24 Sextantis

Observation data Epoch J2000 Equinox ICRS
- Constellation: Sextans
- Right ascension: 10^{h} 23^{m} 28.3694^{s}
- Declination: −00° 54′ 08.077″
- Apparent magnitude (V): 6.61±0.04

Characteristics
- Spectral type: K0 IV
- B−V color index: 0.92±0.01

Astrometry
- Radial velocity (R_{v}): 7.08±0.16 km/s
- Proper motion (μ): RA: +65.220±0.167 mas/yr Dec.: −36.272±0.244 mas/yr
- Parallax (π): 13.8488±0.1298 mas
- Distance: 236 ± 2 ly (72.2 ± 0.7 pc)
- Absolute magnitude (M_{V}): 2.17±0.06

Details
- Mass: 1.55±0.16 M_{☉}
- Radius: 4.9±0.08 R_{☉}
- Luminosity: 14.6±0.1 L_{☉}
- Surface gravity (log g): 3.5±0.1 cgs
- Temperature: 5098±44 K
- Metallicity [Fe/H]: −0.03±0.04 dex
- Rotational velocity (v sin i): 2.77±0.5 km/s
- Age: 2.7±0.4 Gyr
- Other designations: BD−00°2332, HD 90043, HIP 50887, SAO 137532

Database references
- SIMBAD: data

= 24 Sextantis =

Star in the constellation Sextans

24 Sextantis, often abbreviated as 24 Sex, is the Flamsteed designation of a 7th-magnitude star located approximately 236 light years away in the constellation of Sextans. At an apparent visual magnitude of 6.61, this star can only be viewed from rural skies under good seeing conditions.
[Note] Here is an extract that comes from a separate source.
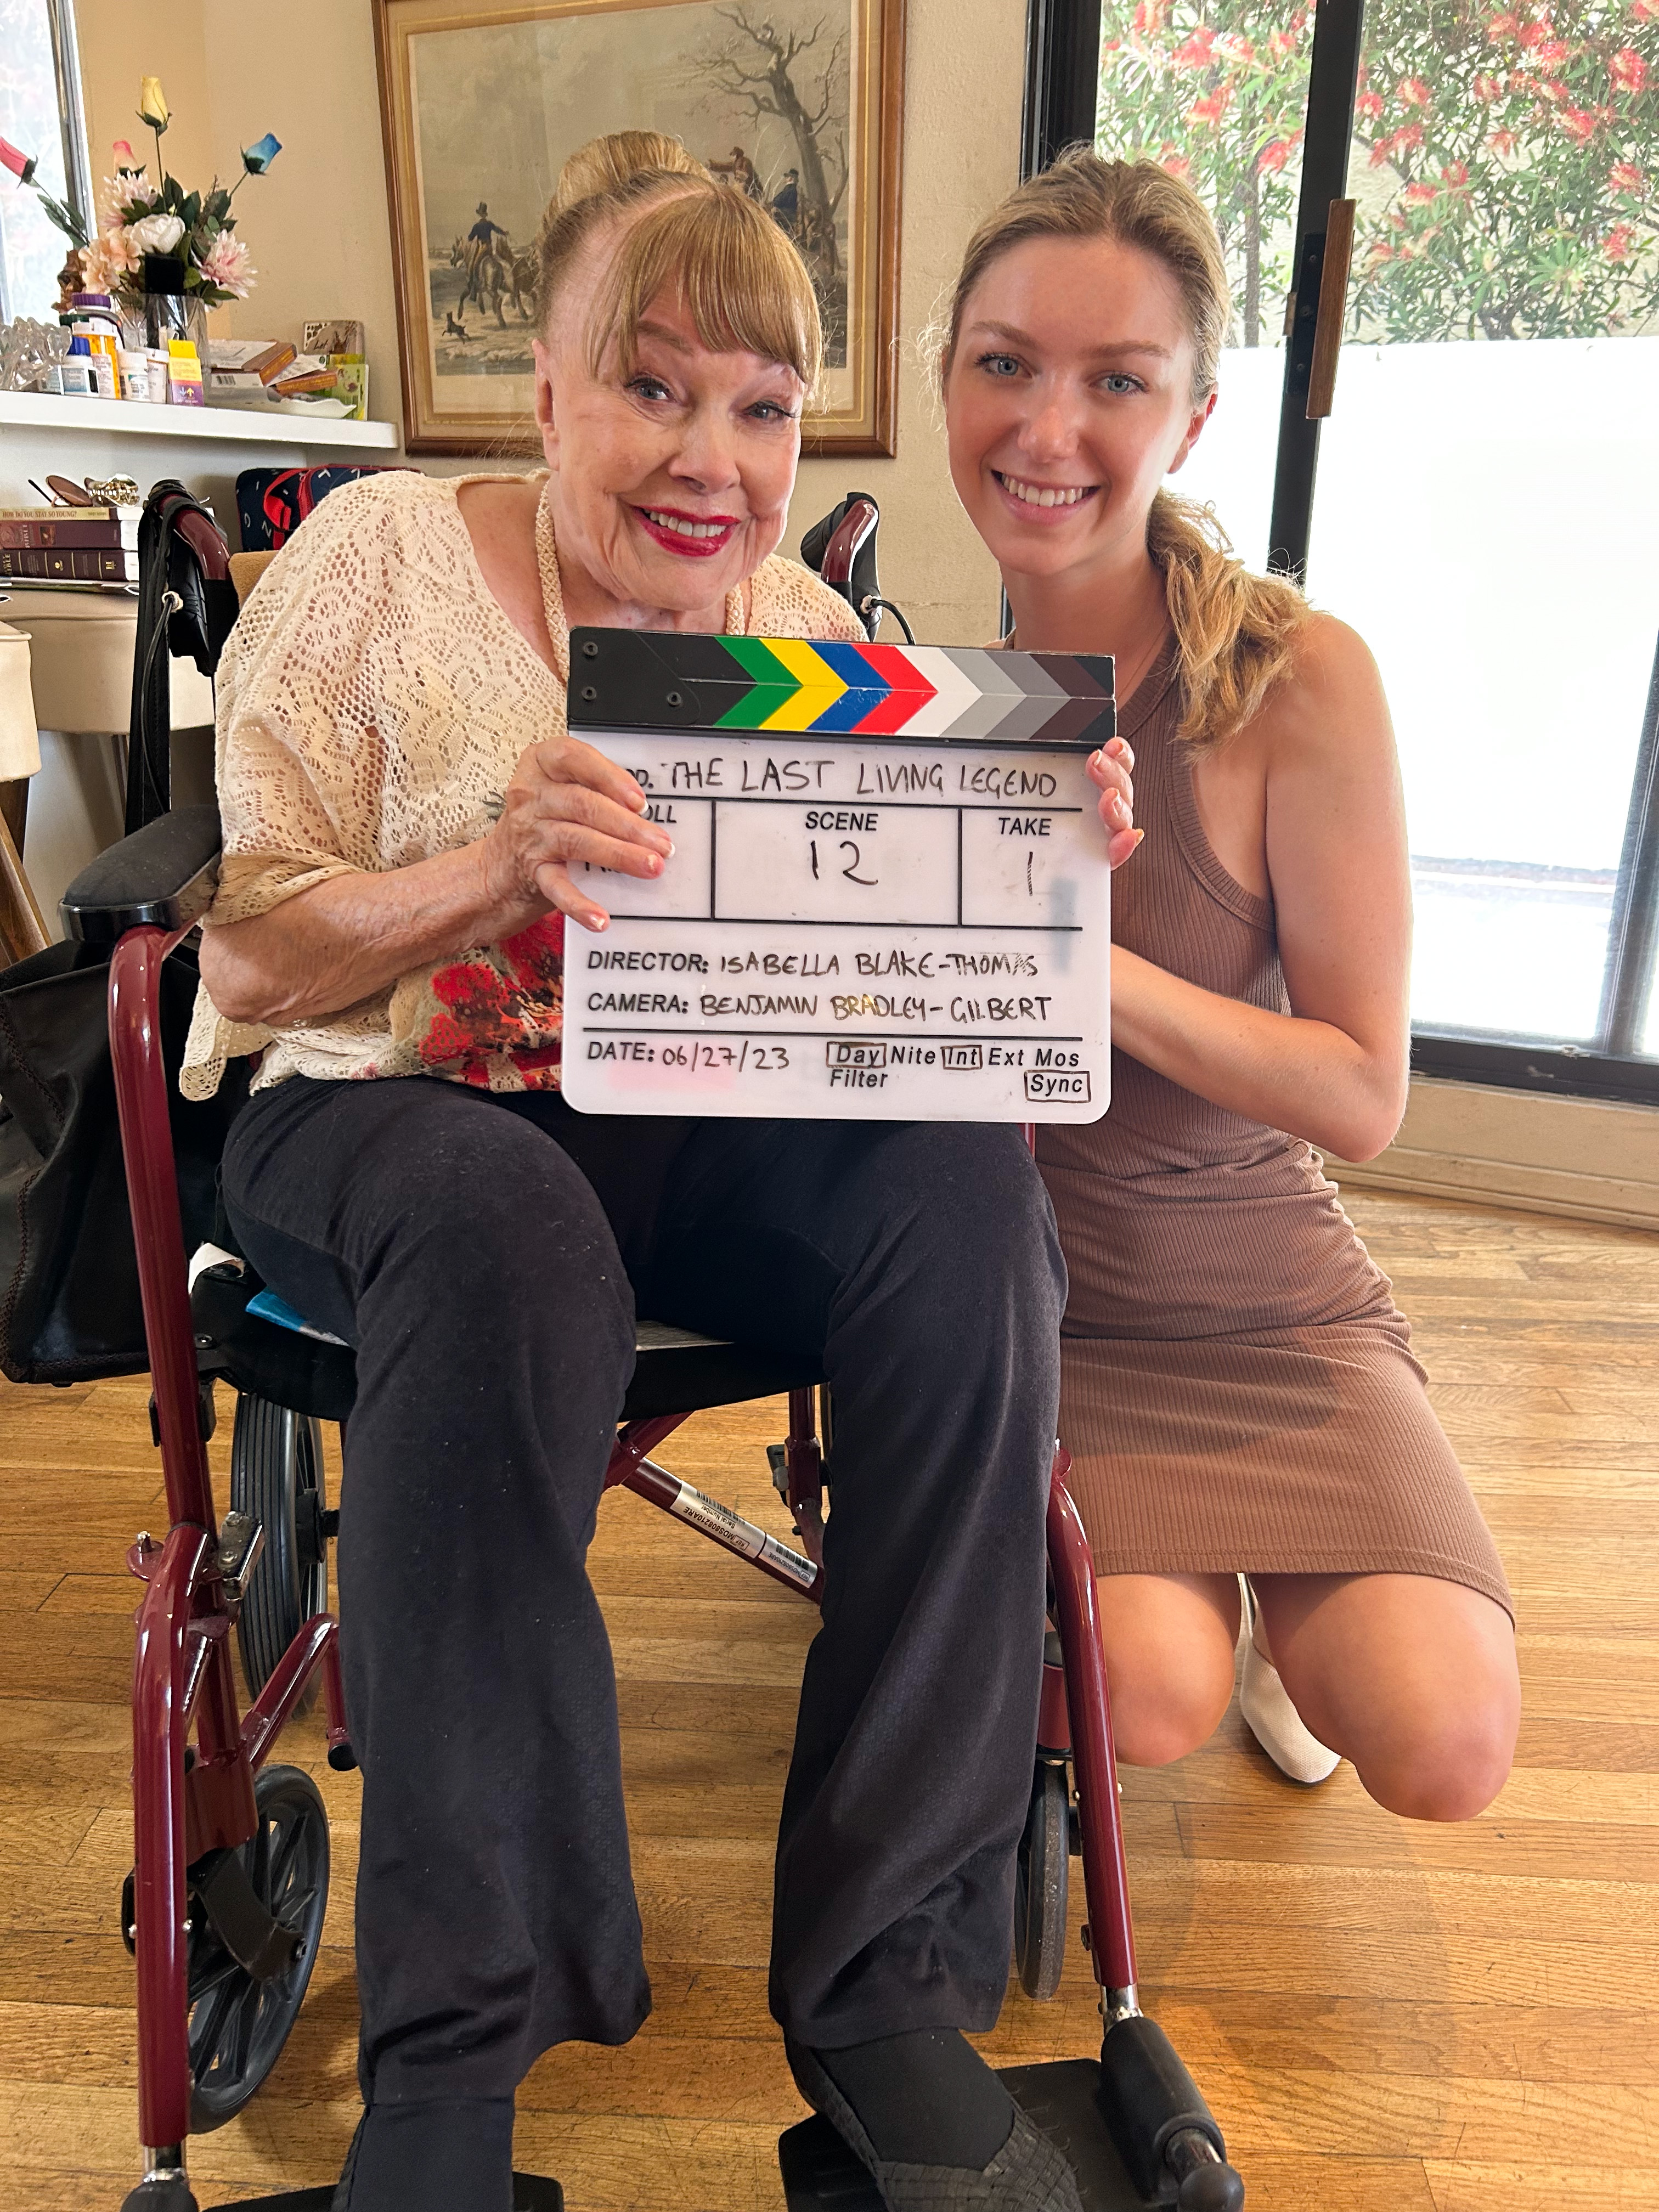 Isabella Blake Thomas Makes Directorial Debut with Heartfelt Documentary on Hollywood Legend Terry Moore

At the age of 2.8 billion years, it has reached an evolutionary stage called a subgiant star, having a stellar classification of K0 IV. It has 54% more mass than the Sun, but the outer envelope has become cooler than the Sun's as it slowly expands into a giant star.

The star is known to have two giant extrasolar planets.

==Planetary system==
On July 26, 2010 the California and Carnegie Planet Search team announced the discovery of two planets around 24 Sextantis along with two planets around HD 200964. The inner planet is twice as massive as Jupiter and takes 453 days to orbit the star in a circular orbit at the average distance of 1.33 AU (199 million km). The outer planet is ^{5}/_{6} the mass of Jupiter and takes 883 days to orbit eccentrically around the star at the average distance of 2.08 AU (312 million km).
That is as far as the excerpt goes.